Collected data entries
______

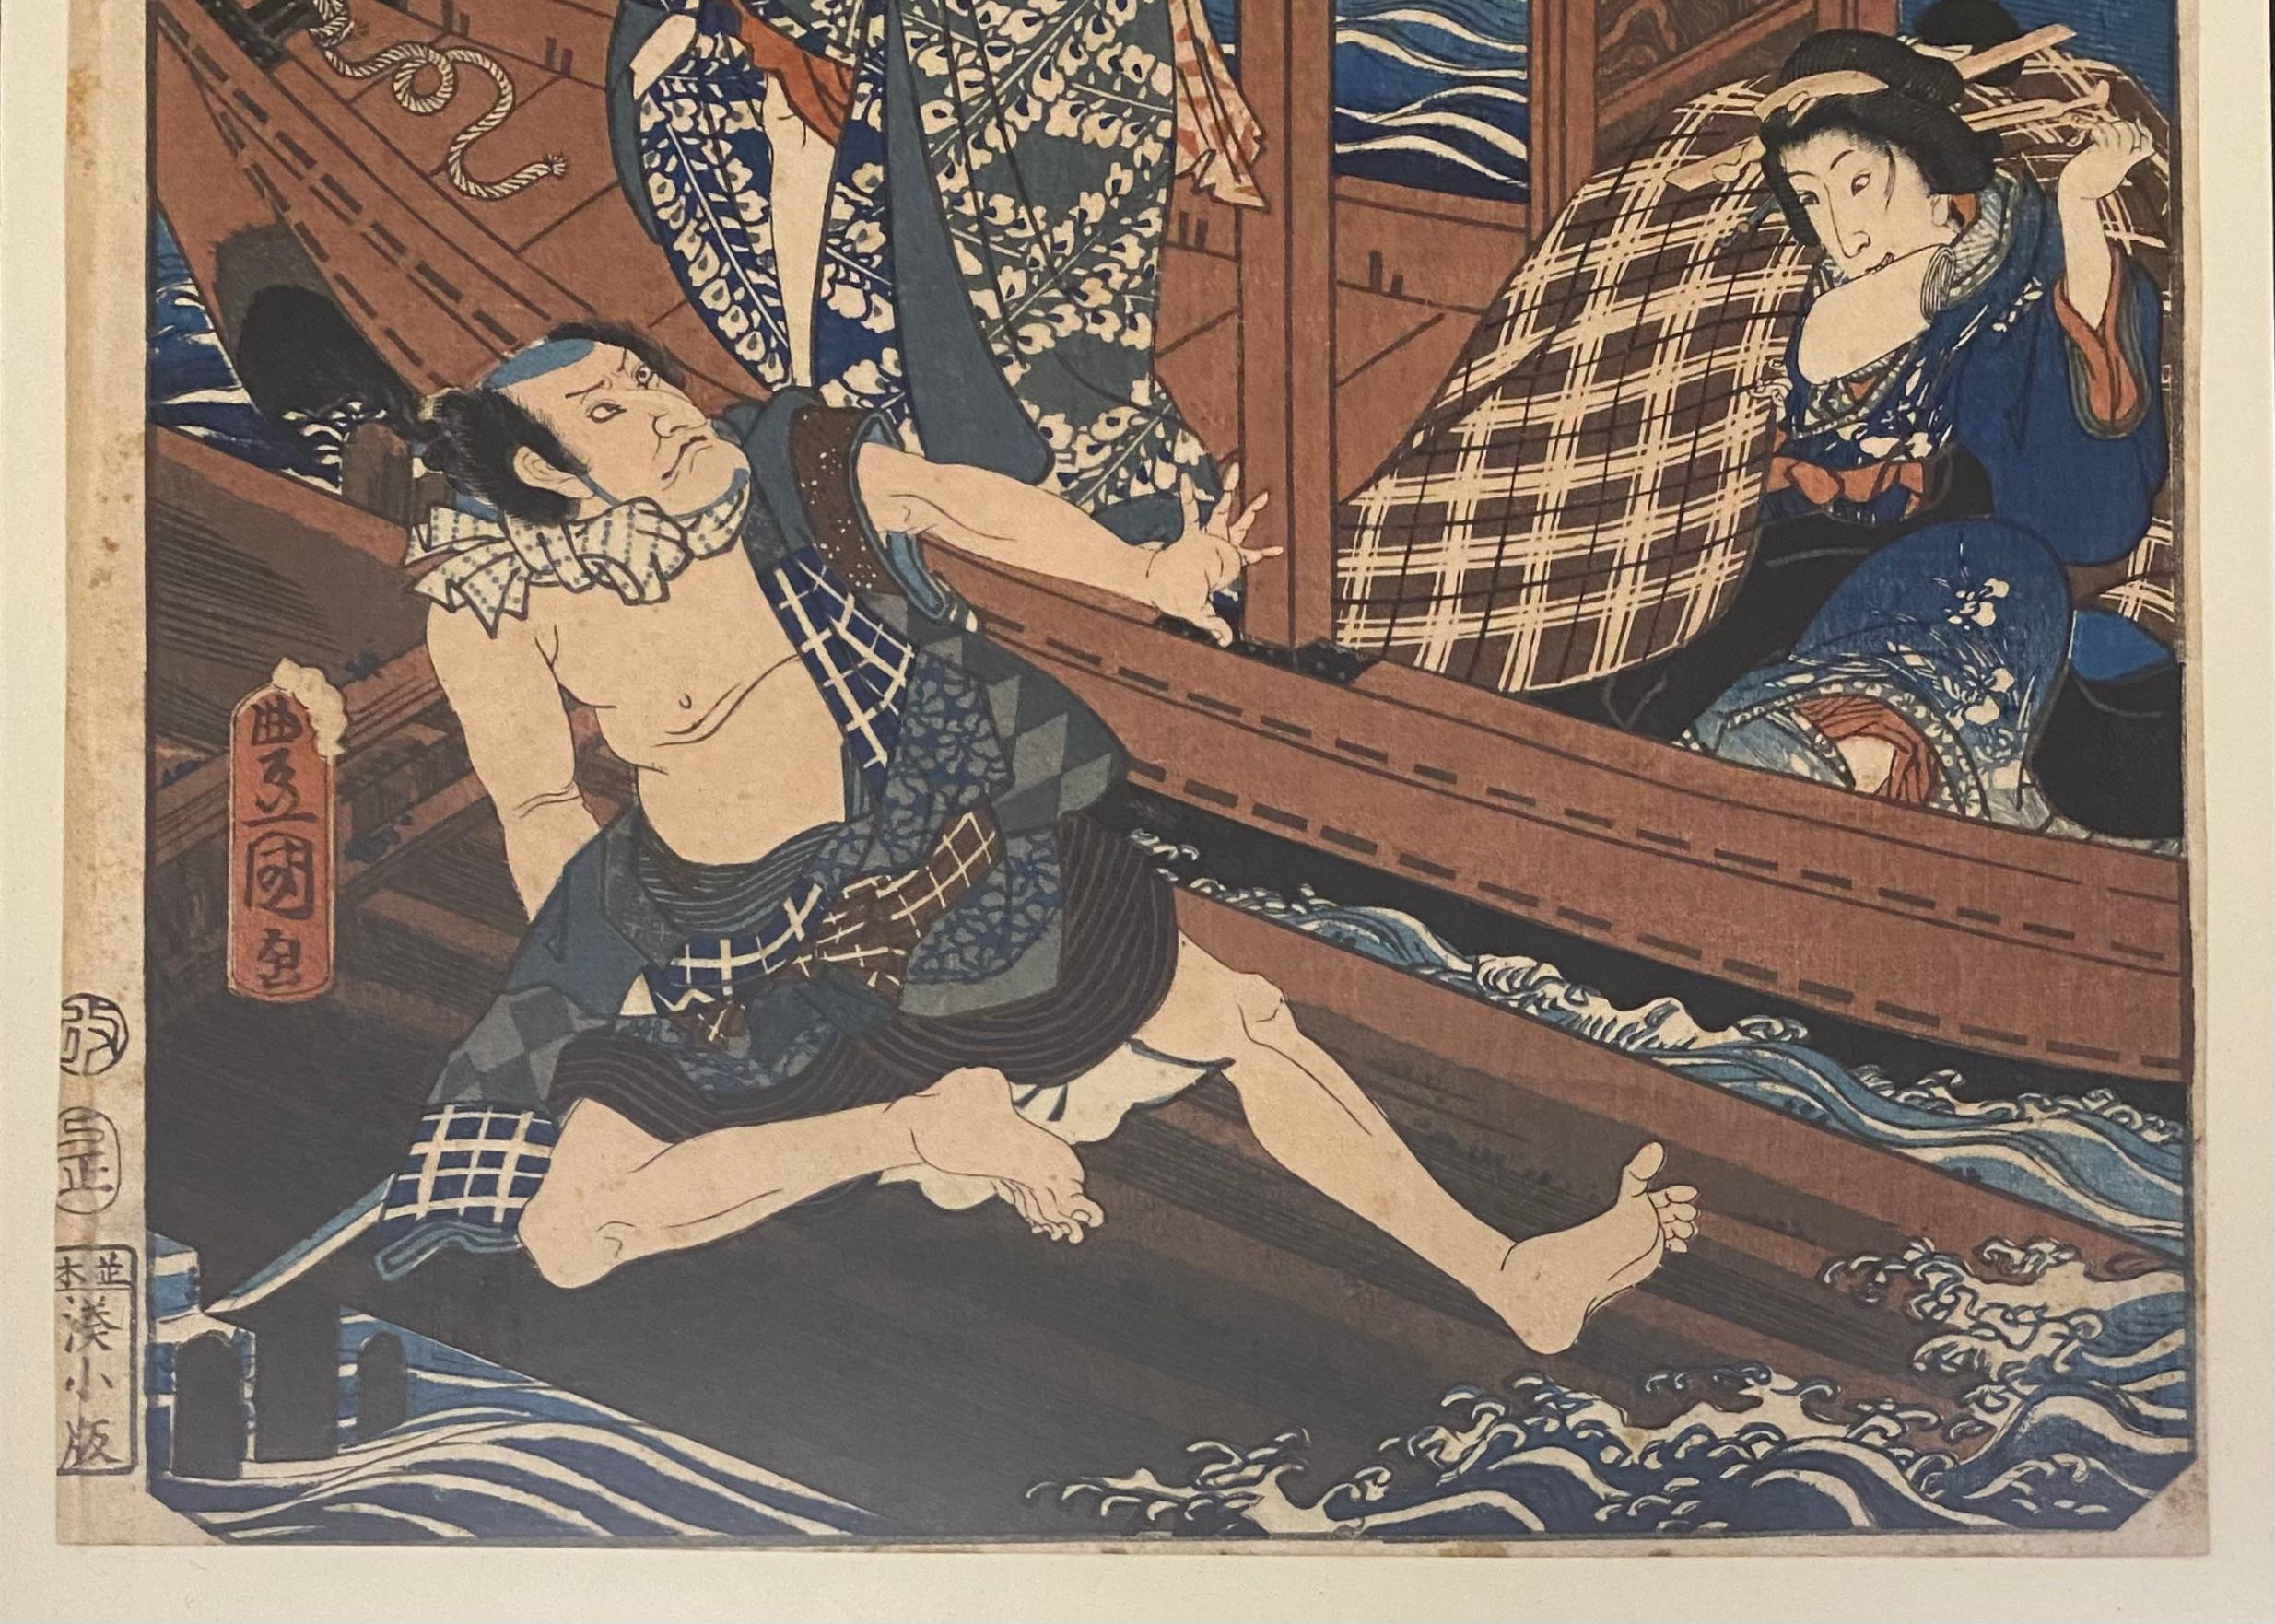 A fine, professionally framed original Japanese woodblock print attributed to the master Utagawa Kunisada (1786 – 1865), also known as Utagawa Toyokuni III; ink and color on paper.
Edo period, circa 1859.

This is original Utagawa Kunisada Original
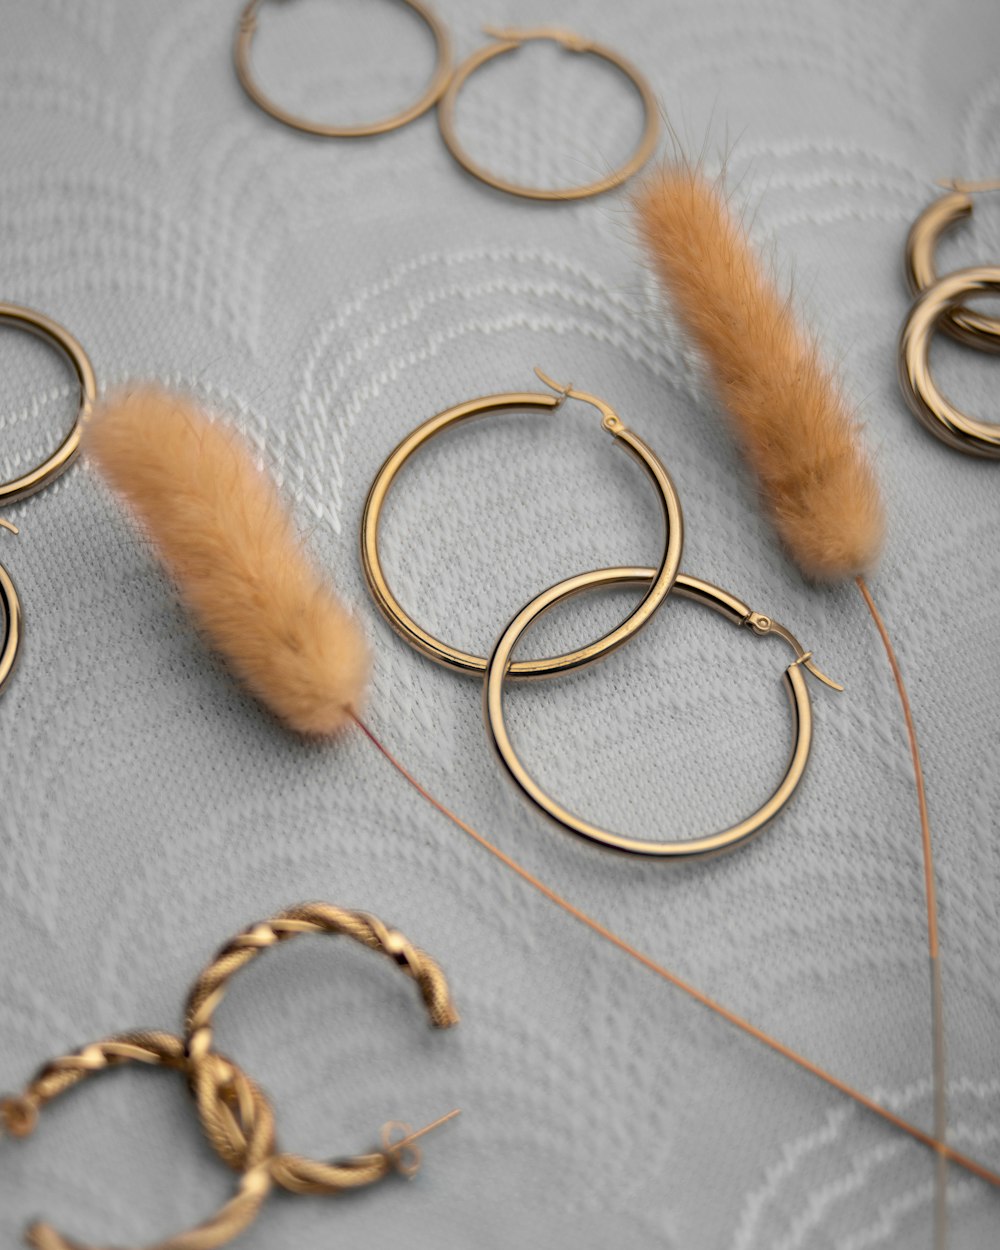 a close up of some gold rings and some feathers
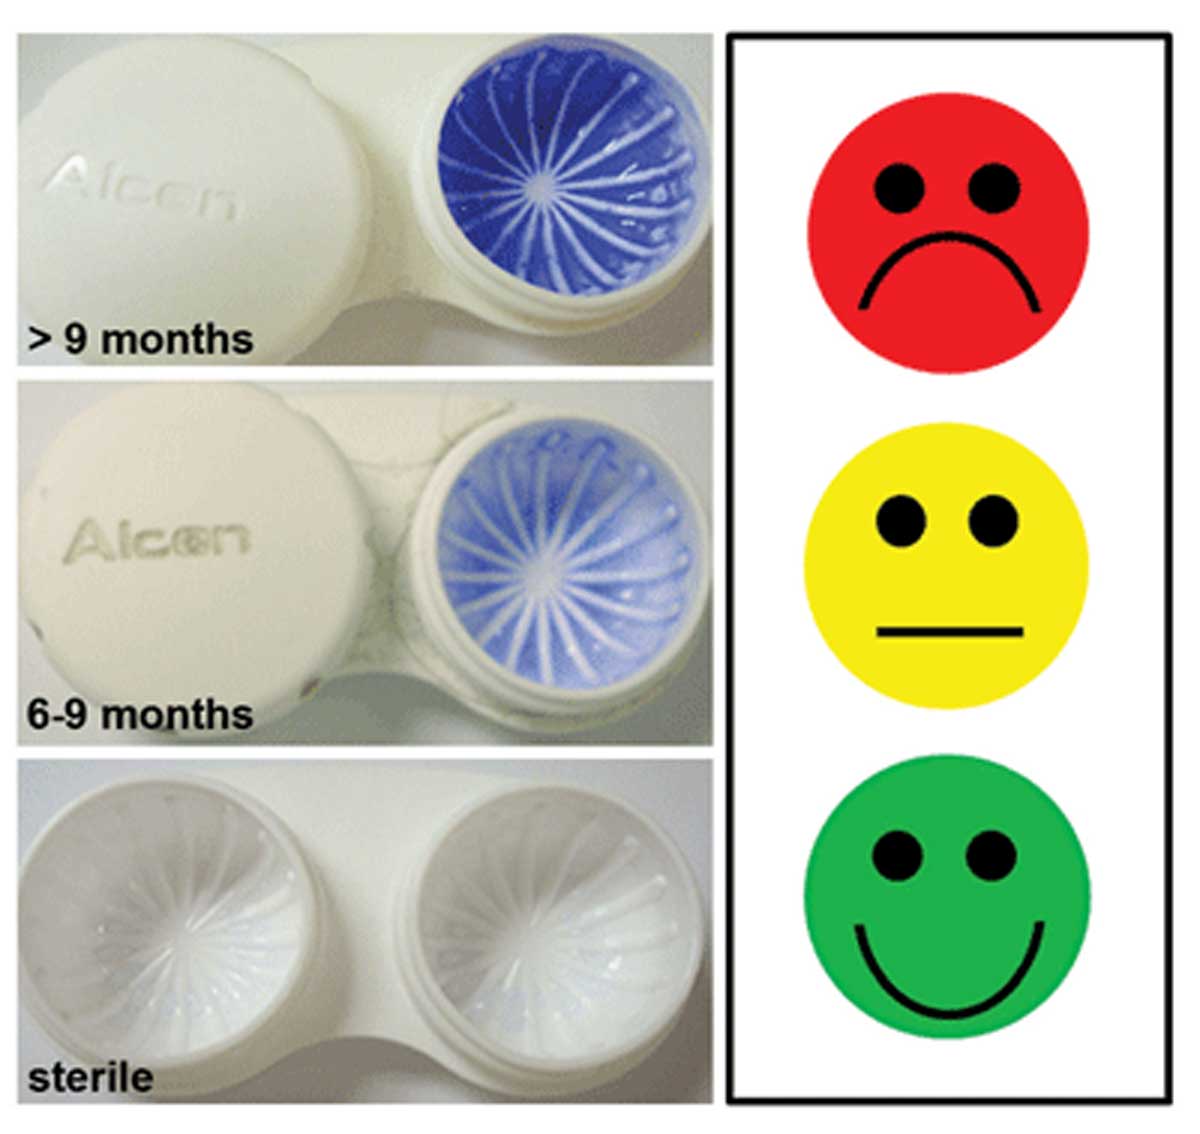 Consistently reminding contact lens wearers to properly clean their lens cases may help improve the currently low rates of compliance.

______

> [Problem]:
Return verbatim every line from the line containing "Edo period, circa 1859." to the last line of the entries above, inclusive, and leave out the pictures.

> [Reply]:
Edo period, circa 1859.

This is original Utagawa Kunisada Original
 a close up of some gold rings and some feathers
 Consistently reminding contact lens wearers to properly clean their lens cases may help improve the currently low rates of compliance.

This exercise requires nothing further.